The first two months of the current water year (last October and November), for example, were very dry in the Gunnison Basin. It is now assumed that a significant amount of the snowpack's water went to recharging groundwater -- especially lower in the valley, which had a snowpack far above average on abnormally dry soil.
Instrumentation can be installed on SNOTEL sites to measure soil moisture content, with probes planted at two, eight and 20 inches. Three of the SNOTEL sites in the Upper Gunnison -- in Crested Butte, Taylor Park and above Lake City -- are so equipped. But the added equipment is expensive, and as John Scott, Gunnison's NRCS agent, noted, "There is so much ground to cover."
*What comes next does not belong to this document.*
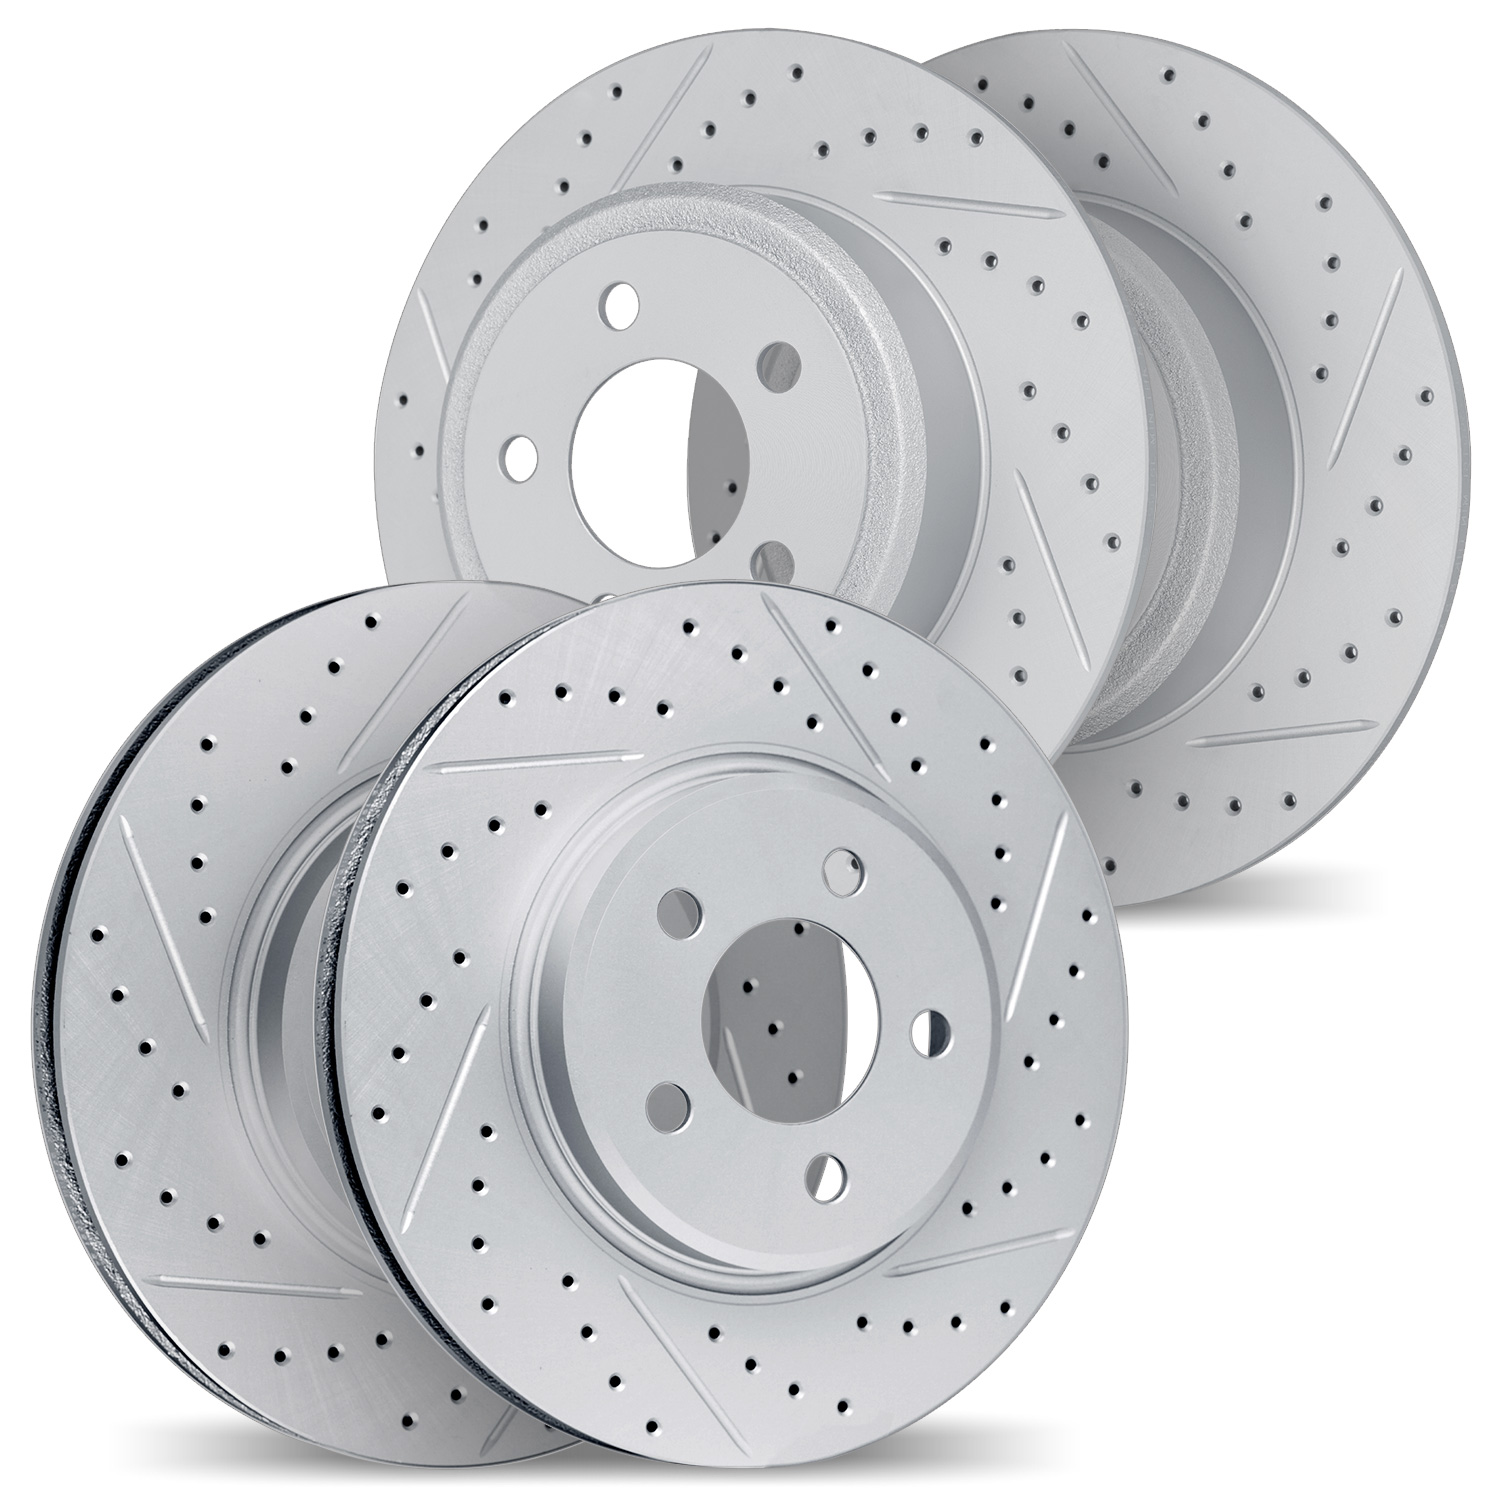 2004-67065 Geoperformance Drilled/Slotted Brake Rotors, 2013-2019 Infiniti/Nissan, Position: Front and Rear

Scott pointed out that most of the SNOTEL sites are relatively high in the watersheds, while most of the driest soil is lower down. Summer rain, he observed, will green up the plants with roots near the surface, but almost a decade of dry years has left a "deep soil moisture deficit" that is more quickly impacted by a dry autumn.
Other factors influence runoff. A spring punctuated with spells of cooler than average weather slows the melt, and might leave the snowpack more vulnerable to sublimation -- which is snow being changed directly to water vapor, rather than water. Wind moving over a snowpack also increases sublimation; wind speed indicators can be added to SNOTEL sites -- at more expense.
Some factors influencing snowpack and runoff are totally beyond early predictability -- such as the wet spring of 1984, for example, when major late-spring storms contributed enough to an already substantial runoff to almost take out Glen Canyon Dam.
Adding more SNOTEL sites seems like the most logical route to help the forecasters. But how many more, at $20,000 apiece? And with what (also expensive) additional instrumentation so the CBRFC forecasters are not flying blind on some critical factors?
This Thursday, Aug. 7, the Upper Gunnison River Water Conservancy District is assembling a meeting of water managers and forecasters from the CBRFC, the Bureau of Reclamation, the NRCS, the Rocky Mountain Biological Laboratory (RMBL) and other entities interested in the runoff predicting challenge. According to UGRWCD Manager Frank Kugel, this meeting was initiated when RMBL announced that it has received a grant to install five new weather stations in the Upper Gunnison watershed.
The meeting is open to anyone interested, and will be at 2 p.m. in the County Commissioner meeting room in the Courthouse.